Сошел Реджеб с поезда и видит: машина из Бузбулака. За рулем видит: тот же Мохсун – он водил единственную в то время машину бузбулакского колхоза. Но когда поехали, видит: Мохсун какой-то не такой – хмурится, помалкивает, на вопросы отвечает нехотя, а то и совсем не отвечает. Реджеб встревожился: или, думает, с матерью что, или с Рузгяр неладно. Спросил про мать – как, мол, она? Ничего, отвечает, здорова. А Рузгяр как? Прекрасно, говорит. Только сказать-то ведь можно по-разному. Вот Реджеба и взяло сомнение – не зря парень мнется. «А ну, говорит, остановись!» Сгреб Мохсуна за шиворот, выволок из кабины: говори, что случилось? Тот испугался, клянется, ничего, мол, такого. «Ей-богу, – говорит, все в порядке. И мать здорова. И Рузгяр. Только ее, – говорит – нет сейчас. Три дня как в Баку уехала».
– Зачем это ей в Баку?
– На совещание поехала.
– Какое еще совещание?!
– Обыкновенное.
– Кто ж ее туда послал?
– А это ты у дружка своего спроси!
– Какой еще дружок?!
– Разве Джумшид тебе не друг?
– Причем здесь Джумшид?!
– А притом, что он теперь председатель!
Но Мохсун главное не сказал. Не сказал, что Рузгяр выдвинули в депутаты. Что в Бузбулаке, на каждом шагу, и в школе, и в клубе, и в чайхане висят ее фотографии. То ли побоялся сказать, то ли от зависти не сказал. Но после этого разговора Реджеб в машину не сел. Пришел он пешком, – уже темно было – и не доходя до деревни, от сторожа, караулившего коровник, узнал, что Рузгяр выдвинули депутатом.
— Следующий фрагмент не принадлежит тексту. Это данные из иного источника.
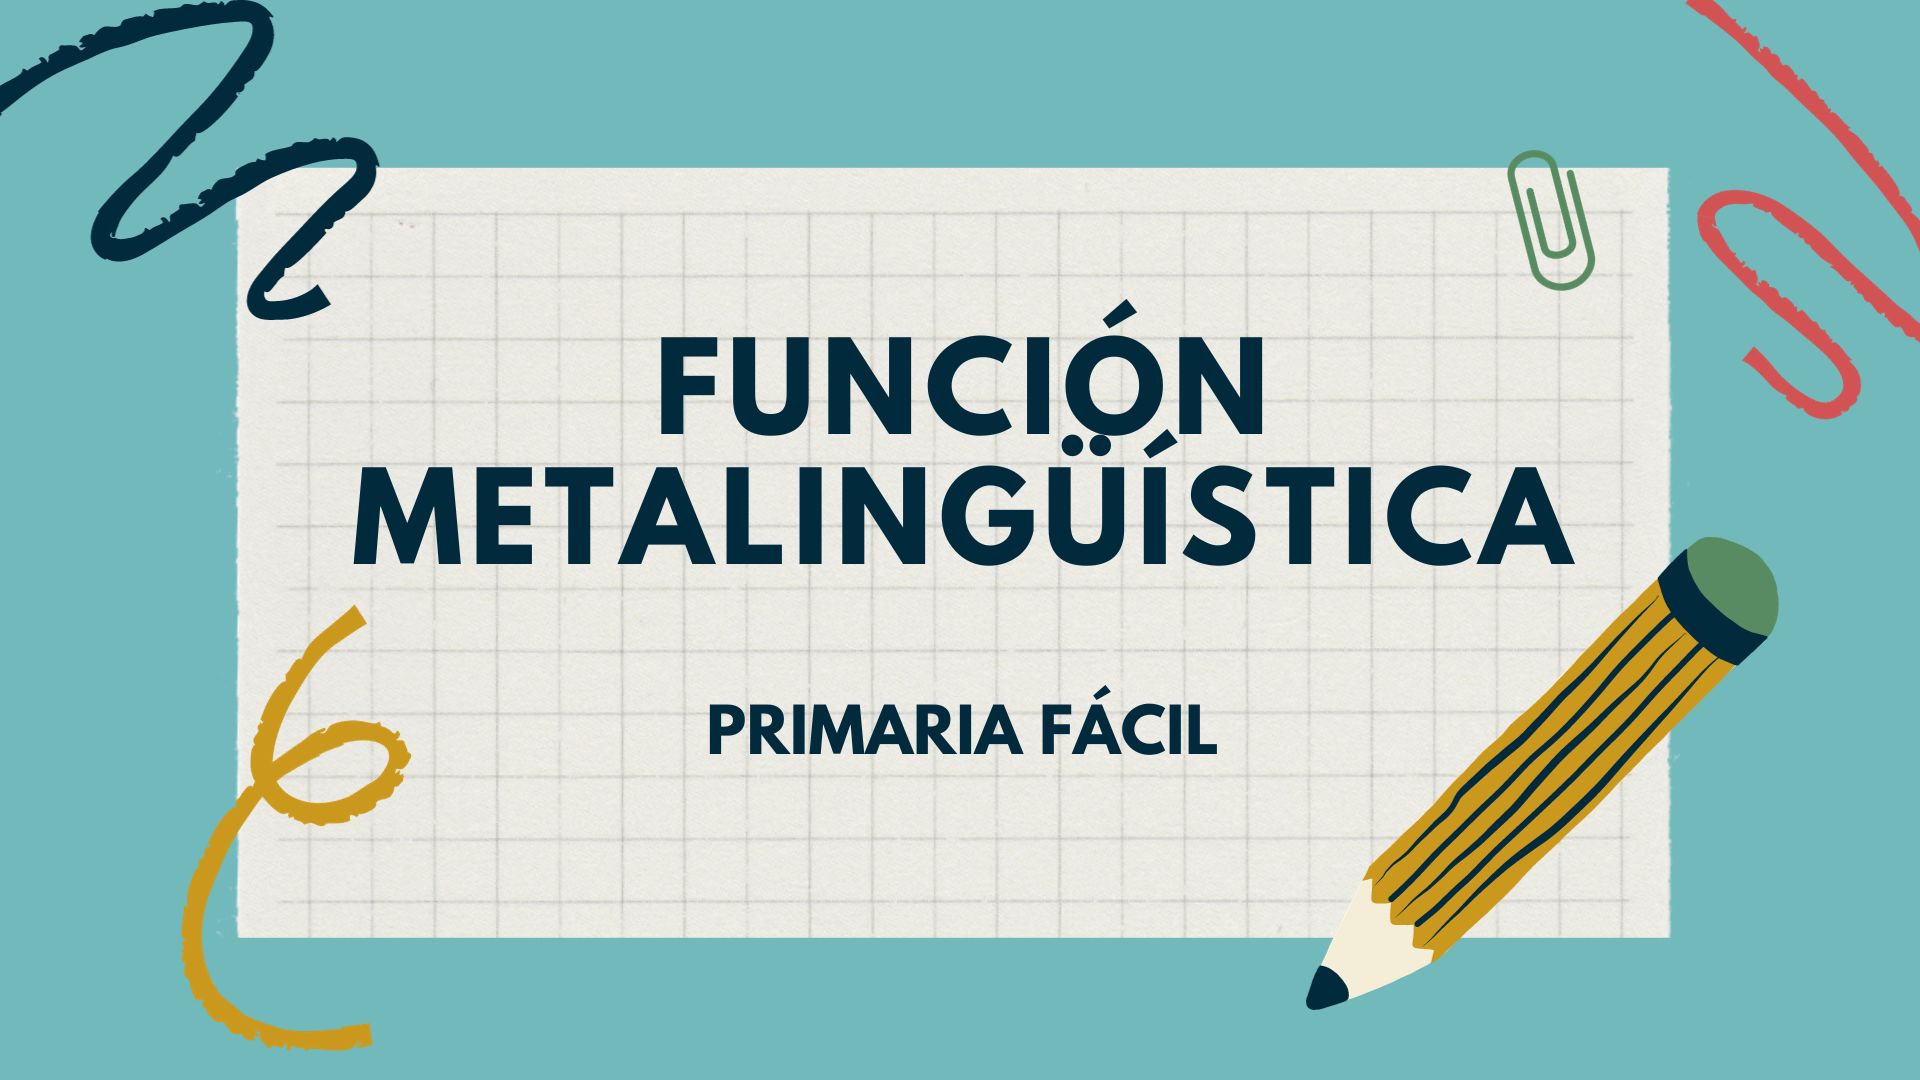 Funcion metalinguistica ejemplos

Рассказывают, что, не заходя домой, Реджеб прежде всего посрывал отовсюду плакаты с фотографиями Рузгяр. Потом подошел к мечети, чиркая одну спичку за другой, внимательно обследовал стену, где когда-то были стишки про Физзу, и сразу отправился к Джумшиду.
– Такая твоя дружба, подлец?! Я в армии, а невеста моя в Баку по гостиницам трется?!
Надо признать (так по крайней мере утверждают), Джумшид проявил в ту ночь большую выдержку. Он все старался вразумить Реджеба, объяснить, что ничего плохого не случилось. Что как ни высоко было достоинство Рузгяр, сейчас оно в десять раз выше.
– Мы же с тобой пуд соли съели! Пусть она слезами из глаз моих выйдет, если я к твоей невесте без уважения! Это же почет для тебя, что ее депутатом! И пятьдесят рублей на дороге не валяются; зачем их кому-то отдавать – пускай Рузгяр пользуется! А вообще, если хочешь знать, я, можно сказать, и ни при чем. Доярки были нужны. Я троих назвал, они Рузгяр выбрали, виноват я, да?.. Иди, Реджеб. Иди и ложись. Все же нормально, честное слово! Весной поставлю тебя директором фермы. Заживем с тобой!..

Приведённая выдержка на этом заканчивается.